To sum up, then, the result of respiration in its chemical aspect. As the blood passes through the lungs, the low oxygen tension of the venous blood permits the entrance of oxygen from the air of the pulmonary alveolus, through the thin alveolar wall, through the thin capillary sheath, through the thin layer of blood plasma, to the red corpuscles, and the reduced hæmoglobin of the venous blood becomes wholly, or all but wholly, oxy-hæmoglobin. Hurried to the tissues, the oxygen, at a comparatively high tension in the arterial blood, passes largely into the tissues, in which the oxygen tension is always kept at an exceedingly low pitch, by the fact that the tissues, in some way at present unknown to us, pack away, at every moment, into some stable combination each molecule of oxygen which they receive from the blood.

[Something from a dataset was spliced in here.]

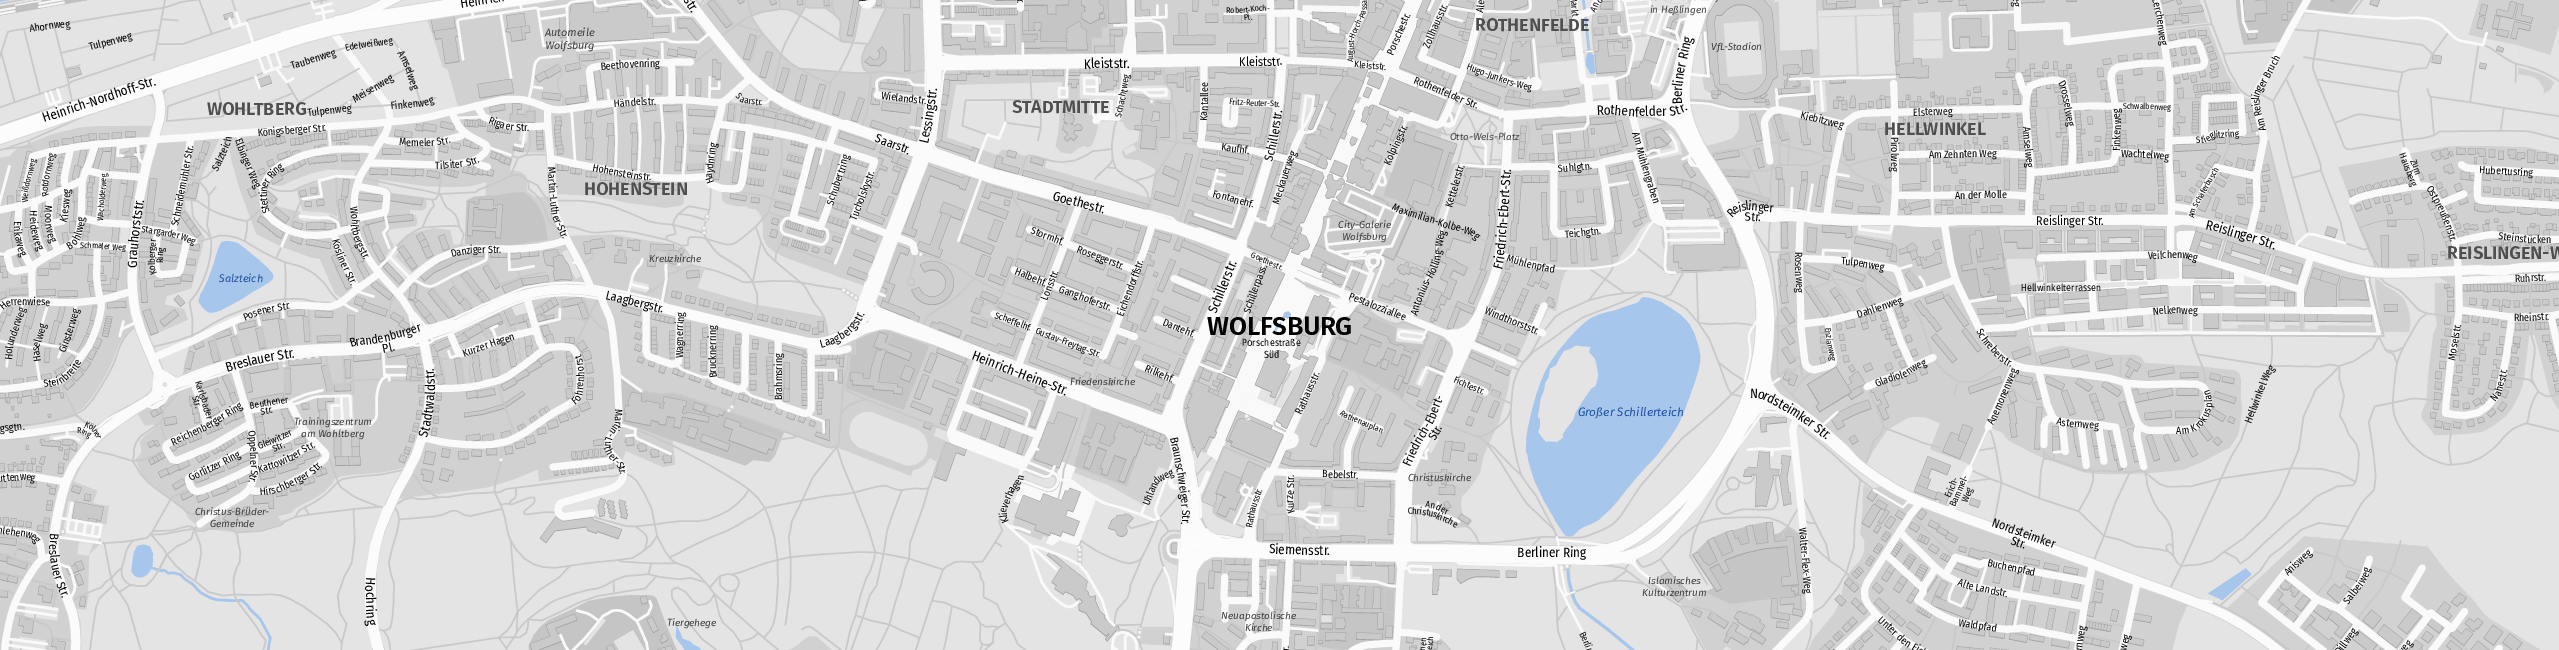 Stadtplan Wolfsburg zum Downloaden.

With much, but not all, of its oxy-hæmoglobin reduced, the blood passes on as venous blood. How much hæmoglobin is reduced will depend on the activity of the tissue itself. The quantity of hæmoglobin in the blood is the measure of limit of the oxidizing power of the body at large; but within that limit the amount of oxidation is determined by the tissue, and by the tissue alone.

The skin is an excretory tissue, and consists principally of two layers, an external covering of epithelium, termed the cuticle or epidermis, and a layer of vascular tissue, named the corium derma or cutis vera. The integument serves (1) for the protection of deeper tissues, (2) as a sensitive organ in the exercise of touch, (3) as an excretory organ, (4) as an absorbing organ, (5) for regulating the temperature of the body. Within and beneath the corium are imbedded several organs with special functions, namely, sudoriferous or sweat glands, sebaceous or fat glands, and hair follicles; and on its surface are sensitive papillæ. The so-called appendages of the skin, the hair and nails, are modifications of the epidermis.